Portfolio Reflection
3
Anthropocene and the Environment
The current generation has experienced heightened human activities that interfere with the environment and climate while posing a risk to human health in many ways. The United States economy has become accustomed to garbage, which is a socioeconomic and environmental dilemma that defeats the concept of economic markets. As such, excess consumption has increased in ways that have made it hard for entrepreneurs to find solutions that can turn garbage into a stream for raw materials. Edward Humes’ Garbology explores ways of dealing with the excessive dependency on consumption that result in a high output of garbage that has become an environmental and socioeconomic concern for citizens and governments.
The US has encountered a large output of trash problems that social anthropologists have found no solution to manage the social economic and environmental challenges. Globalization plays a role in the trash problem that the US experience, which includes the dangerous movement of products across the seas to satisfy the heightened consumption urge in the US. The accumulation of debris over the years has turned into layers of thousands upon millions of tons of waste.

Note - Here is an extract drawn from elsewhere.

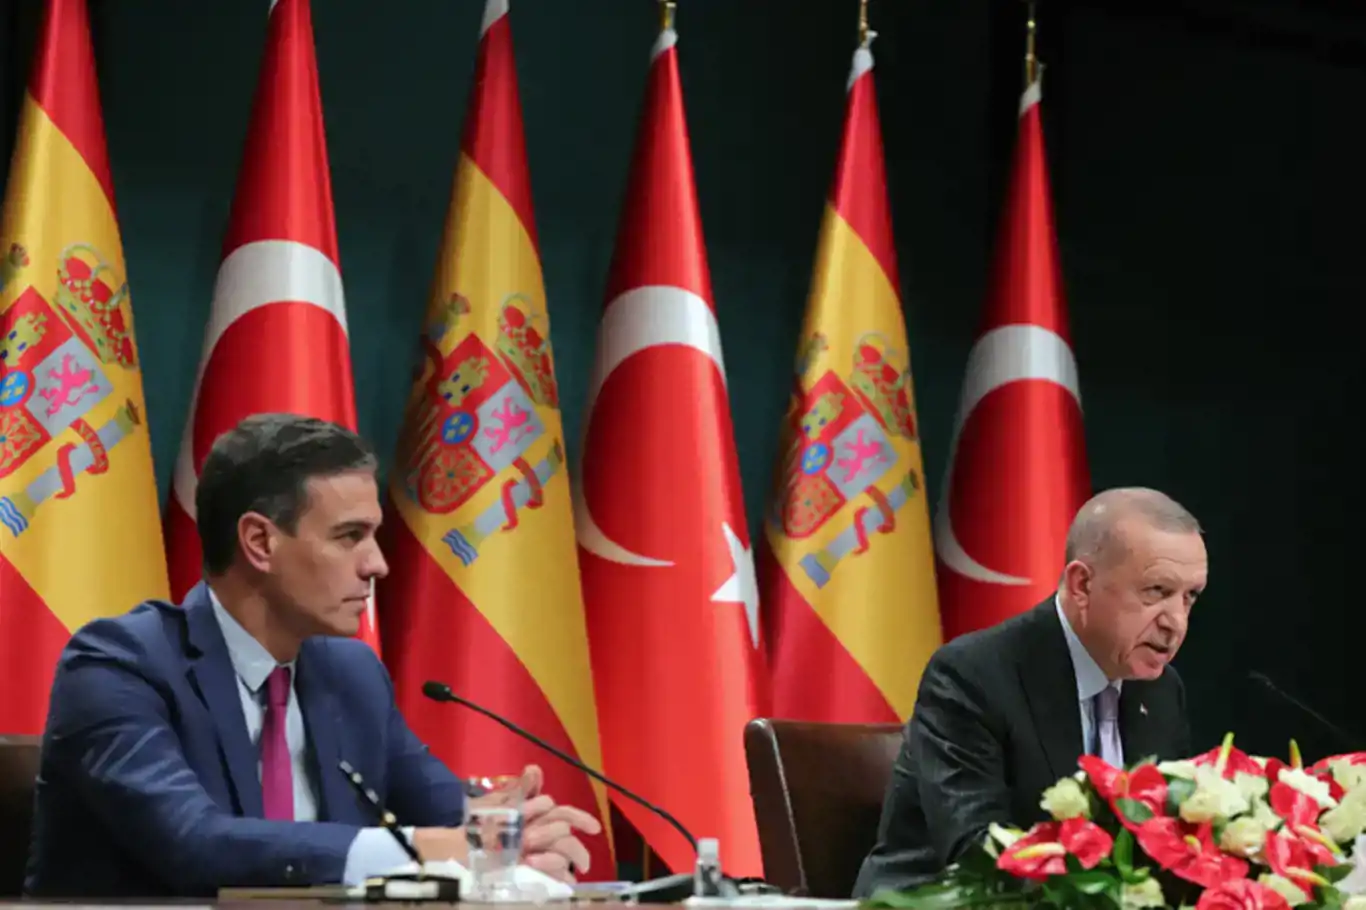 Spain commits to promoting positive EU-Türkiye relations during presidency

Individuals contribute about 102 tons of trash in a lifetime that is equivalent to 1,100 graves, which is extremely high and unsustainable in the environment (Humes 5). Likewise, the author indicates that the American Dream also contributes to the trash problem because endless accumulation that drives markets and product packaging materials that include “boxes, wrappers, bags, ties, bottles, caps, and plastic bubbles” carry these products (Humes 6). Even the purchased products are likely to break and become obsolete with time, which adds to the amount of garbage bound for the landfill. Such product packaging contributes by 44% to the greenhouse gas emission that directly affects climate by causing global warming (Humes 7). Likewise, Carol Boggs in “Human Niche Construction and the Anthropocene” clarifies that human niche construction has altered climate due to greenhouse gases emission and other activities that have altered nutrient cycles, nitrogen, and phosphorous (Boggs 1). Moreover, sanitation cost New York $2.2 billion in 2011 that included $300 million for transporting trash to landfills (Humes 7). Even the Environmental Protection Agency (EPA) reports that 140 million tons of garbage is unaccounted due to dependency on statistics rather than real data on garbage (Humes 9). Garbage is equally associated with extreme deforestation citing China that has to find trees and paper to make most of the packaging materials.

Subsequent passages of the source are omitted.